Excerpts from a dataset.
☆ ☆ ☆
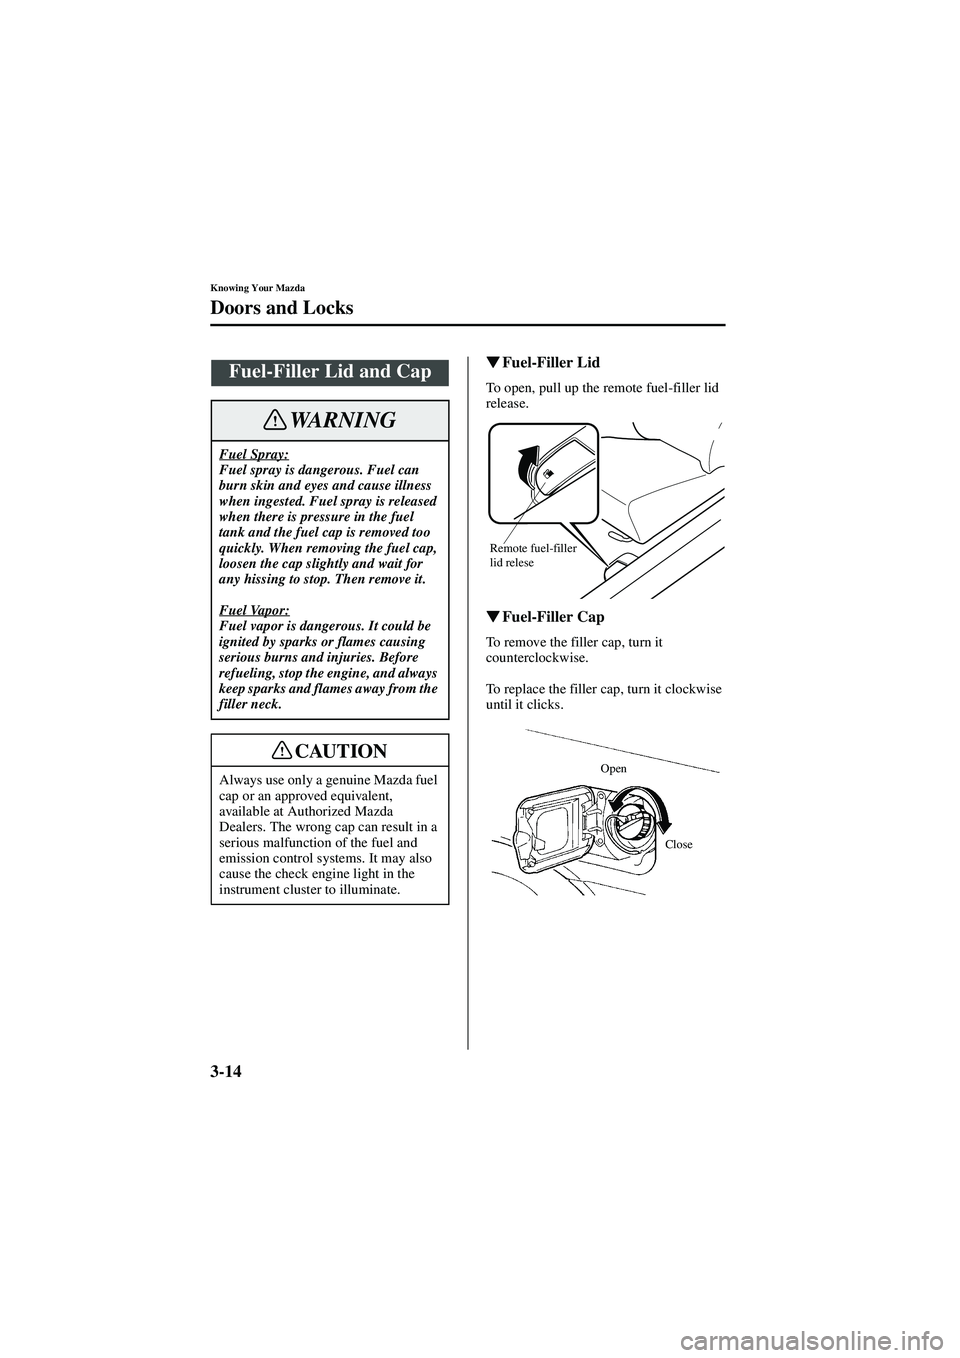 MAZDA MODEL 626 2002  Owners Manual 3-14
Knowing Your Mazda
Doors and Locks
Form No. 8Q50-EA-01G

  Fuel-Filler Lid
To open, pull up the remote fuel-filler lid 
release.

  Fuel-Filler Cap
To remove the filler cap, turn it 
coun
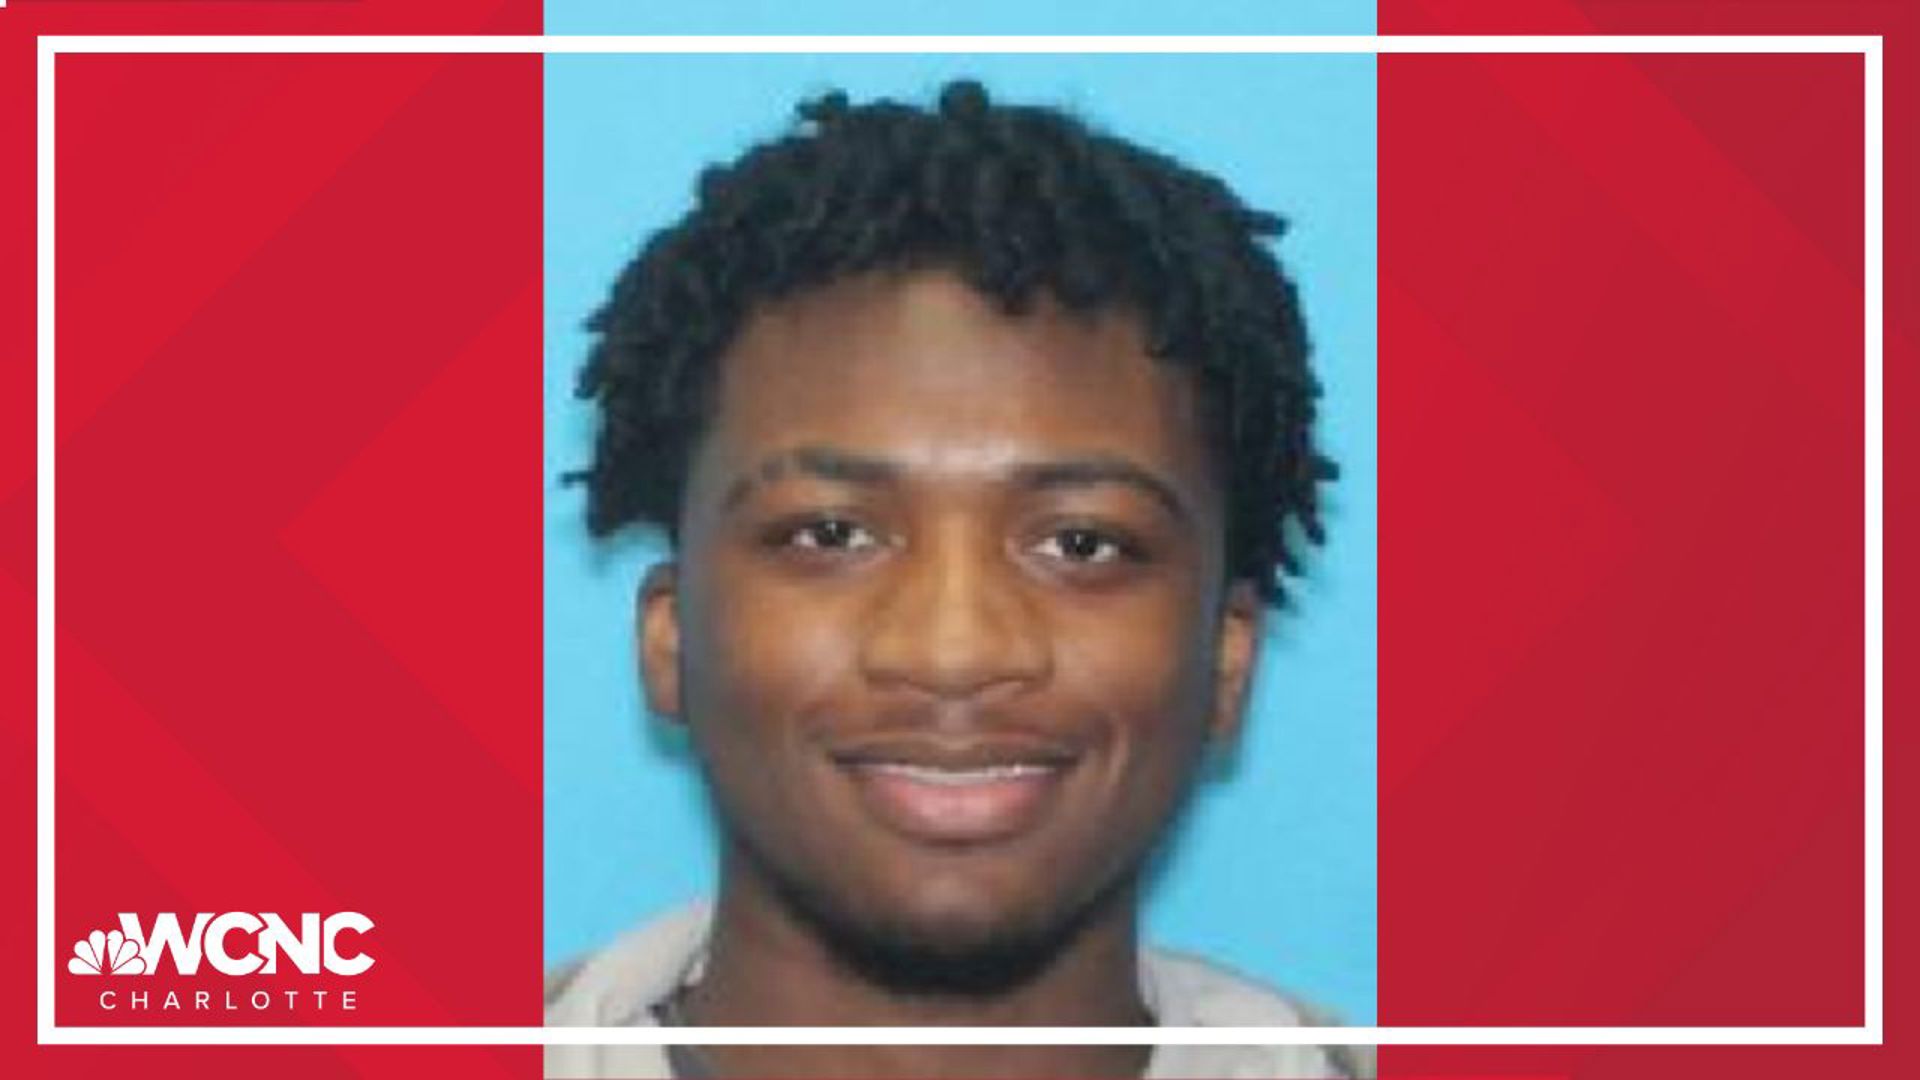 CMPD is asking for the public's help finding an "armed and dangerous" suspect wanted in connection with a deadly shooting in east Charlotte on April 12.
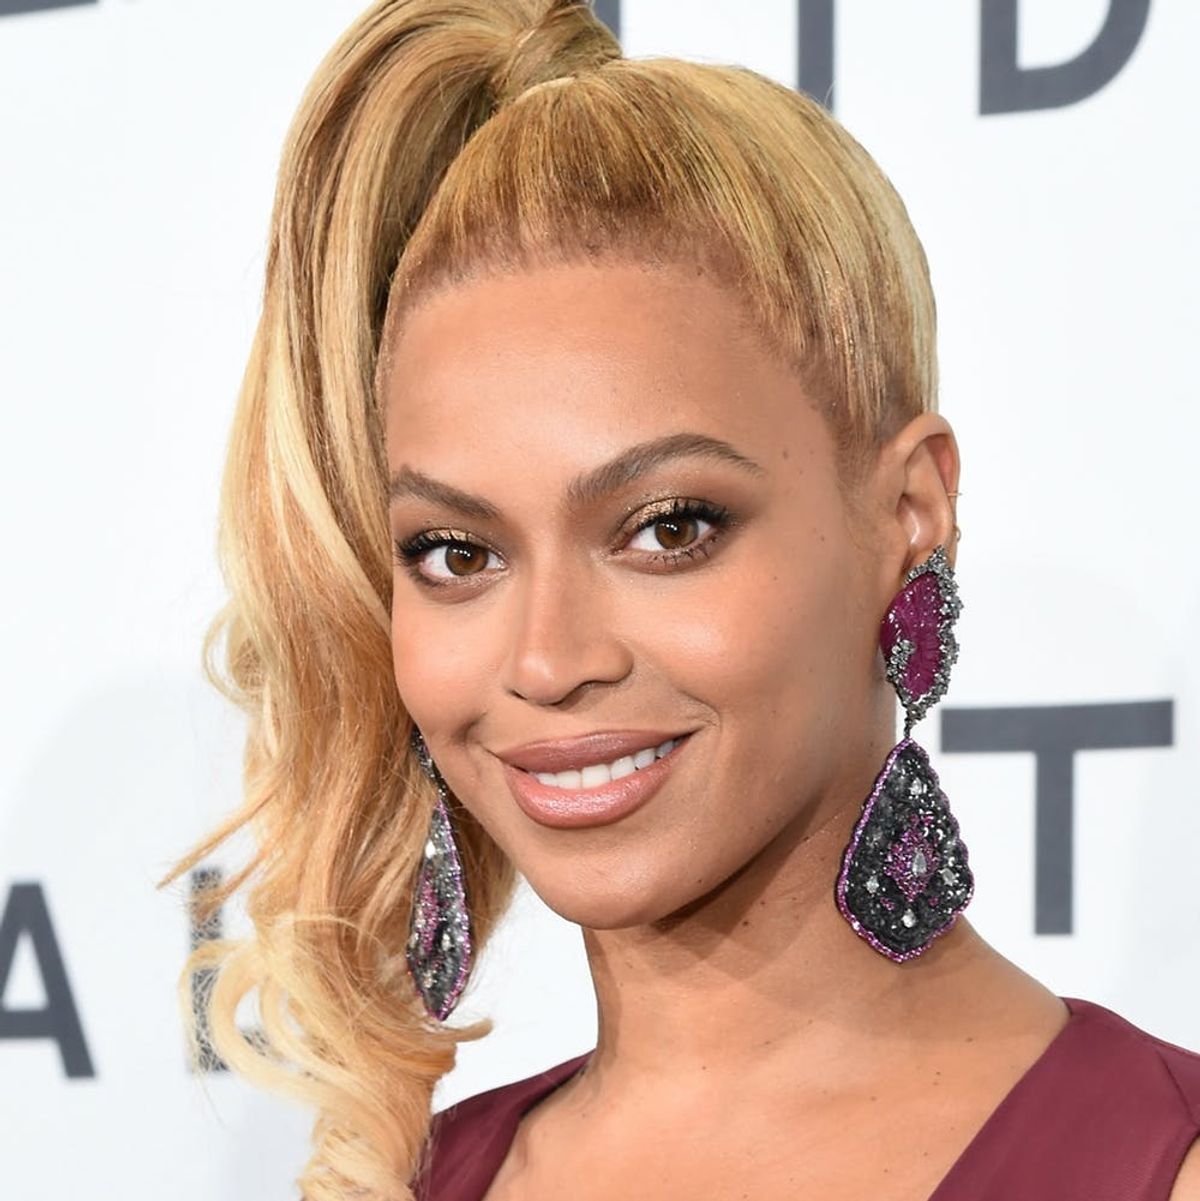 Stop Everything: Beyonce Just Released a New Album
☆ ☆ ☆
WORK INSTRUCTION. For this exercise, copy each line of the data above exactly, from the first through the line containing "CMPD is asking", and drop the pictures.

TASK OUTPUT.
 MAZDA MODEL 626 2002  Owners Manual 3-14
Knowing Your Mazda
Doors and Locks
Form No. 8Q50-EA-01G

  Fuel-Filler Lid
To open, pull up the remote fuel-filler lid 
release.

  Fuel-Filler Cap
To remove the filler cap, turn it 
coun
 CMPD is asking for the public's help finding an "armed and dangerous" suspect wanted in connection with a deadly shooting in east Charlotte on April 12.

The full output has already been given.